The English novelist D.H. Lawrence published Lady Chatterley’s Lover privately in 1928. The book was declared obscene in the United States in 1929, and agents from the Post Office and the U.S. Customs Service began seizing any copies they encountered. That same year, the Boston bookseller James A. DeLacey was fined and jailed for four months under Massachusetts’ obscenity statutes for selling five copies.
The federal government left book banning largely to the states until the passage of the Comstock laws in 1873. Named after their chief proponent—Anthony Comstock, the founder of the New York Society for the Suppression of Vice—the laws barred mailing any “obscene, lewd, or lascivious book, pamphlet, picture, paper, print, or other publication of an indecent character.”
Up through the 1950s, federal agents kept confiscating books they deemed obscene. But in 1959, U.S. District Judge Frederick van Pelt Bryan ruled that Lady Chatterley’s Lover deserved First Amendment protection, and he dealt the censors a major blow in the process.

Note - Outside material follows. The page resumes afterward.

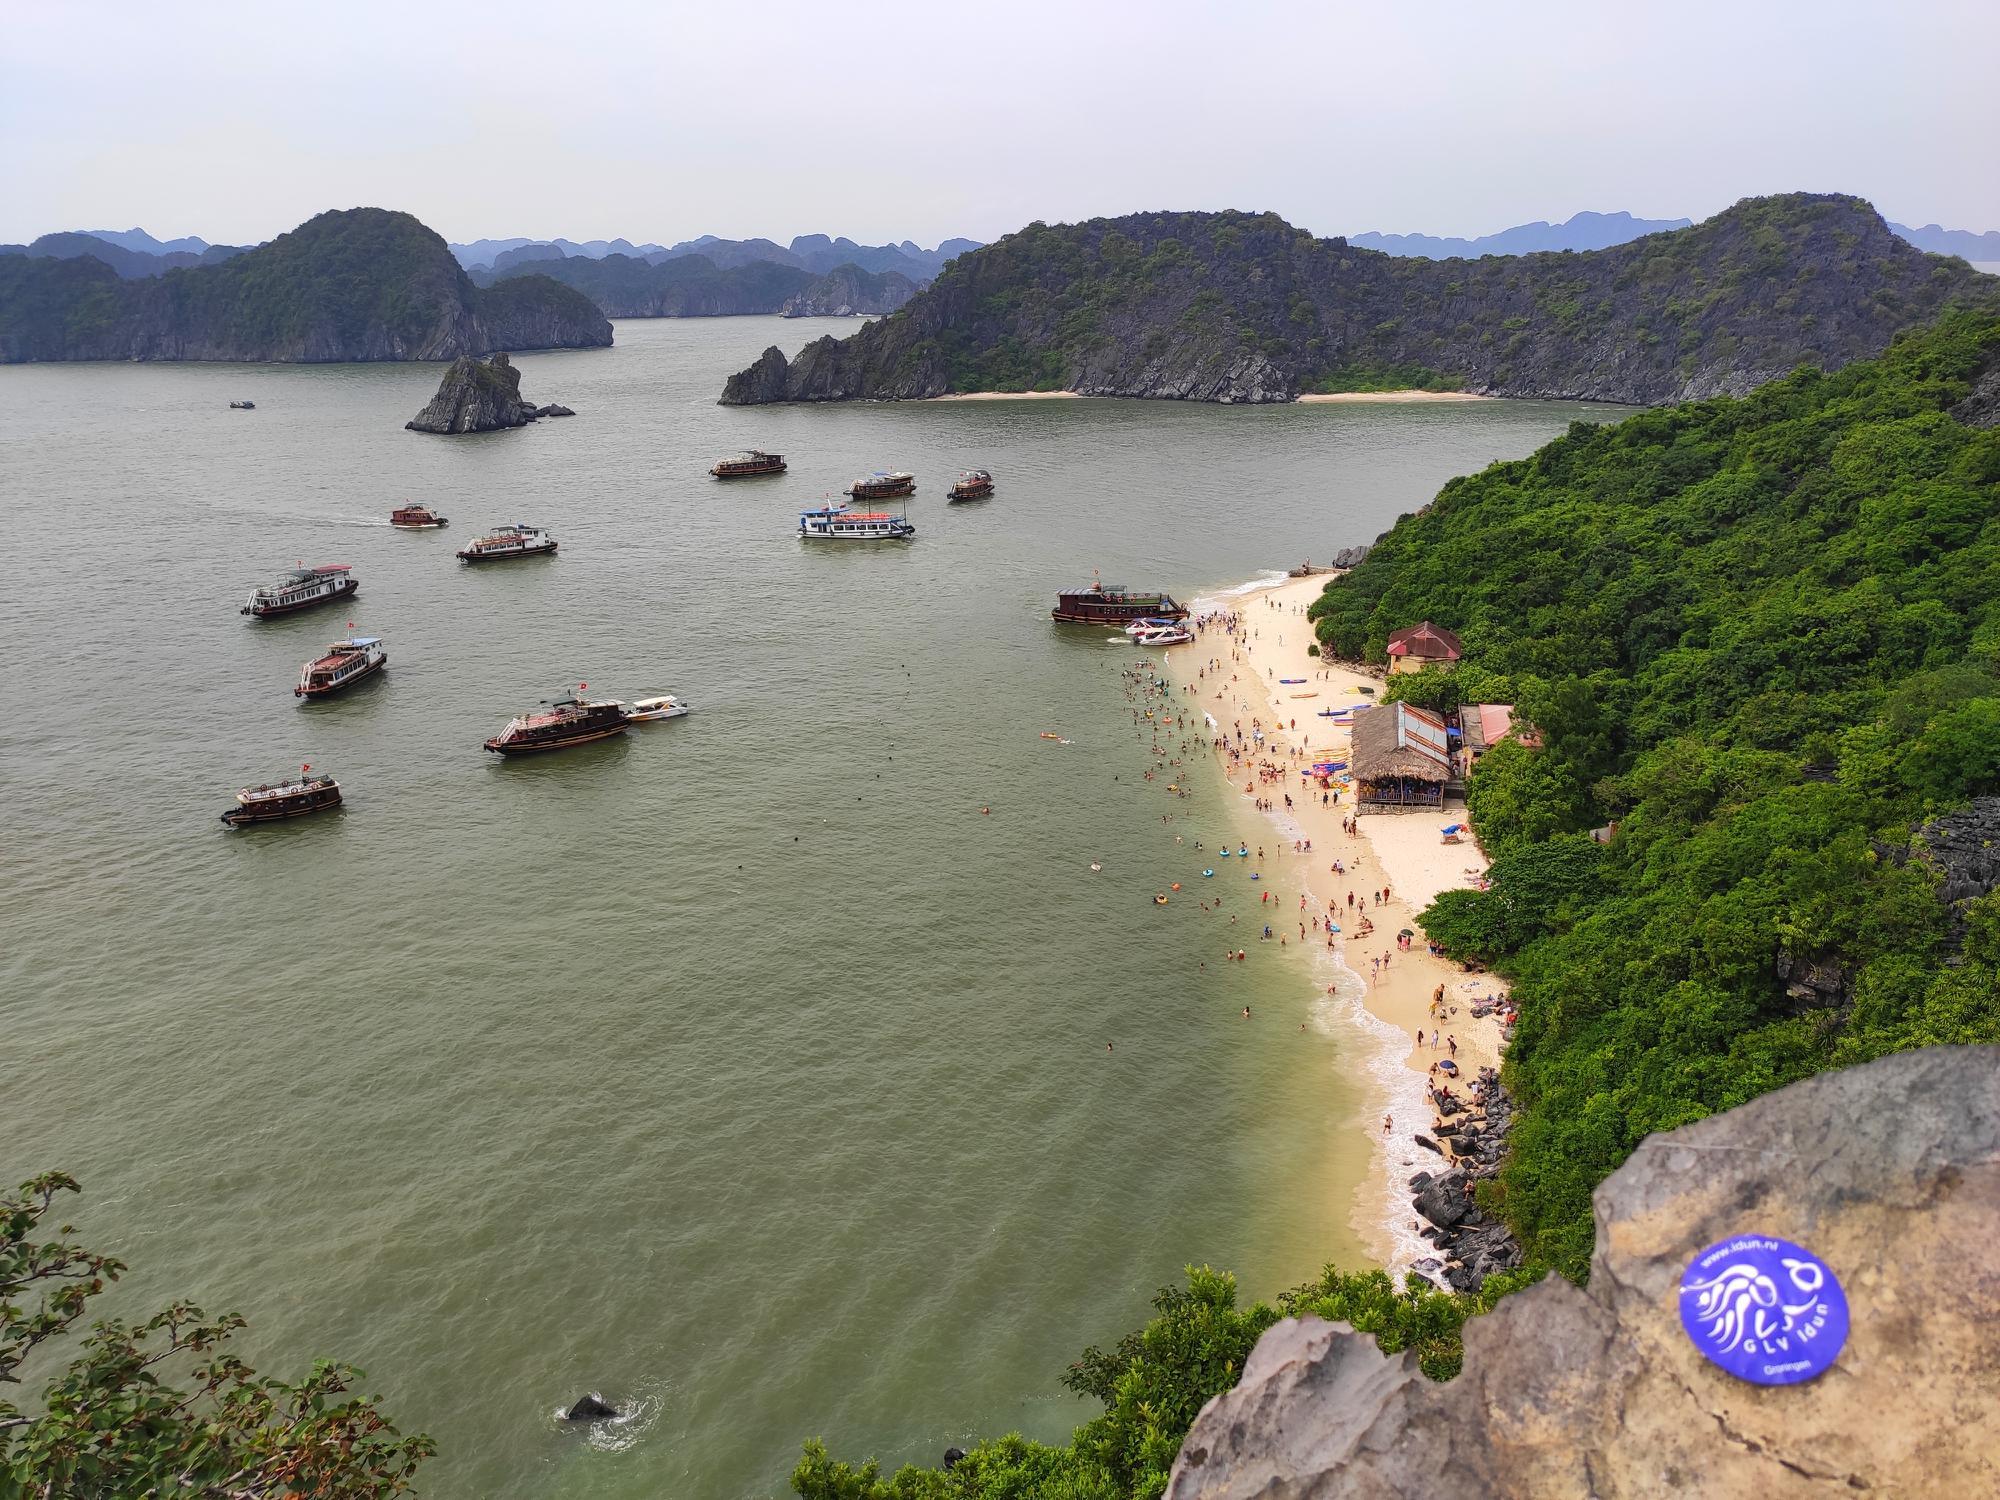 Ha_Long_Bay_Vietnam_-_8837_km_-_Esmee_Castermans.jpg

To reach his decision, Bryan deployed the obscenity test outlined by the Supreme Court in 1957’s Roth v. United States: “whether to the average person, applying contemporary community standards, the dominant theme of the material taken as a whole appeals to prurient interest.”
Lawrence’s book describes an affair between an upper-class woman and a working-class man. With this story, Bryan wrote, Lawrence attacked “what he considered to be the evil effects of industrialization upon the wholesome and natural life of all classes in England.” While the novel contains “a number of passages describing sexual intercourse” and “four-letter Anglo-Saxon words,” it was “replete with fine writing and with descriptive passages of rare beauty,” leaving “no doubt of its literary merit.” Bryan concluded: “The dominant theme, purpose and effect of the book as a whole is not an appeal to prurience or the prurient minded.”
As far as community standards were concerned, Bryan held that “at this stage in the development of our society, this major English novel, does not exceed the outer limits of the tolerance which the community as a whole gives to writing about sex and sex relations.” Thus, the book was not legally obscene, and people could not be punished for selling it. Lady Chatterley’s Lover was “entitled to the protections guaranteed to freedoms of speech and press by the First Amendment.”